The radar chain was operational by 1939. In a report by the first radar station at Bawdsey, the term operational research originated. With a limited number of fighter planes, the tactic held the planes on the ground until the right moment. Then control directed the plane to a location within visual sighting of the enemy aircraft. Radar range capability at the time was 120 miles out to sea with 50-mile detection of low-flying aircraft. These experiments integrated the radar into the early warning systems, the Observer Corps, and the fighter direction and control.

With increased British plane production, radar, operations research methods, and extremely brave fighter pilots, the German plane losses by mid-September 1940 totaled 1700 and the British 900. With limited German plane production and his attention now focusing on Russia, Hitler put aside his plans to invade England.

P.M S. Blackette

Blackett served in the Royal Navy at sea during World War I, seeing action in the Falkland Islands in 1914 and at the battle of Jutland in 1916. Following the war, he studied physics with Nobel Laureate Lord Ernest Rutherford. He came to be widely known for his research related to the Wilson cloud chamber. Later in 1948, unrelated to his war work, Blackett received the Nobel Prize for his work in nuclear physics and cosmic rays.

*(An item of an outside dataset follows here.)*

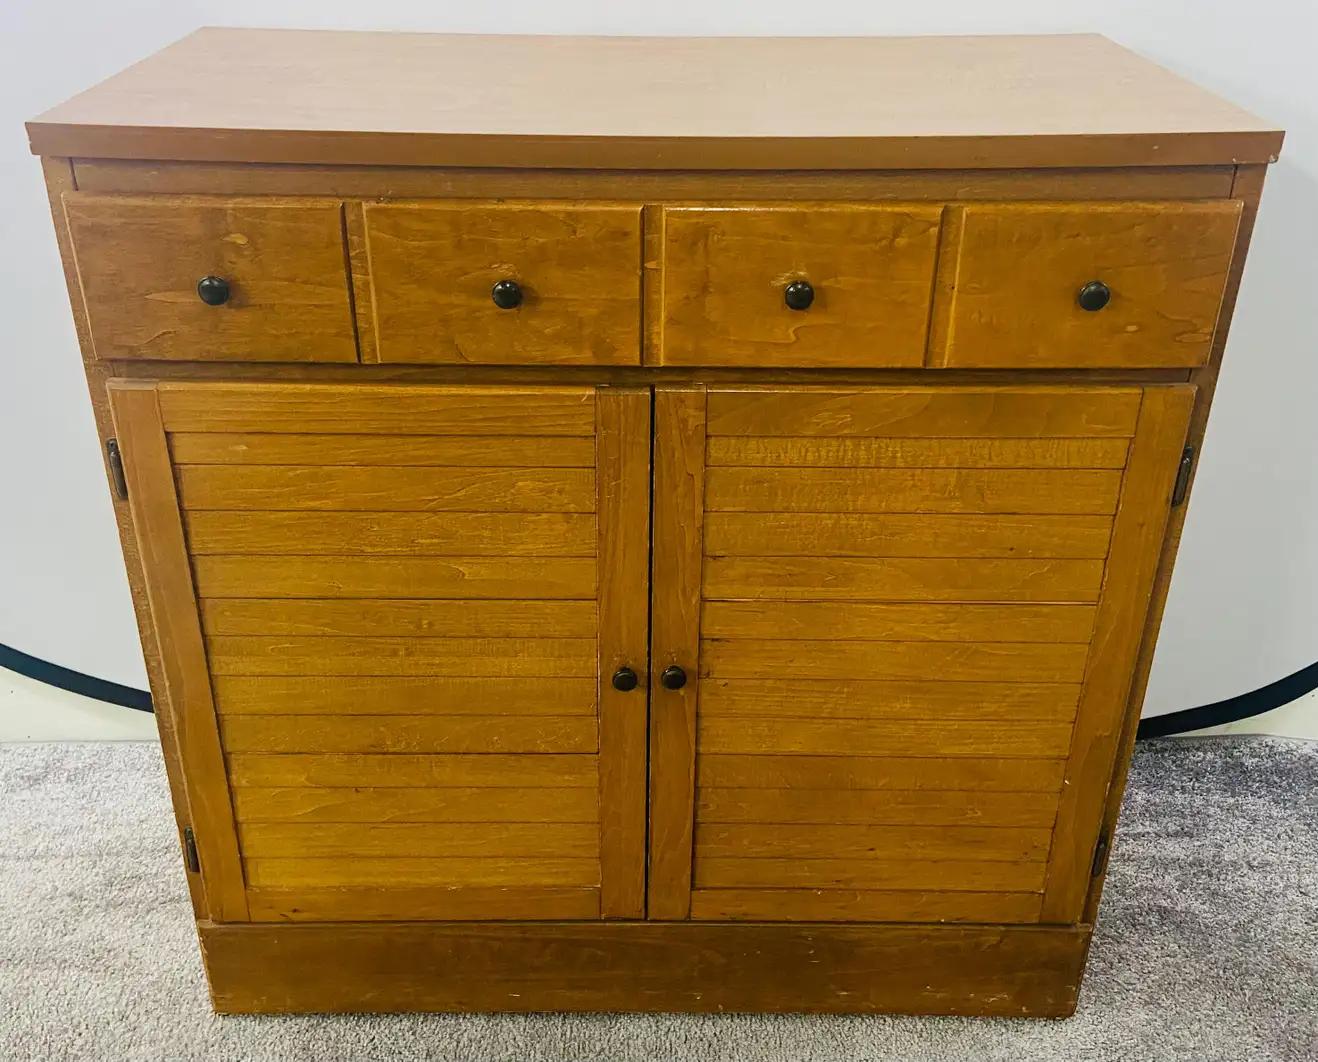 A charming and elegant Mid Century Modern nightstand, chest or cabinet. The MCM chest features a one large drawer over two door cabinet opening to reveal one shelf for additional storage room. The drawer has four nobs to look as four drawers. All

Starting in mid-January 1935, Blackett served on the Committee for the Scientific Survey of Air Defence During the five years of the committee’s existence, the development and implementation of radar stands out. Commenting on the U-boat crisis in 1941-42 and Blackette’s contributions, a paper’ reported “Prof. P.M.S. Blackette, whose name will go down in the history of operational research as outstanding, came into the picture to see what could be done.”

OR and Antiaircraft Gunnery

By August 1940, antiaircraft batteries around London included new gun-laying radar sets just out of the laboratory. Blackette, the appointed science advisor to the headquarters of the Anti-Aircraft Command at Stanmore, addressed the radar implementation problem. Blackette’s Young scientists included physiologists, an astronomer, and a mathematician, as well as physicists. Problems addressed related to operational use of radar, guns, and predictors at the gun sites and headquarters. The overall problem was the blitz bombing of London and other British cities. At this time, Penguin Books published the first book dealing with the development of operations research.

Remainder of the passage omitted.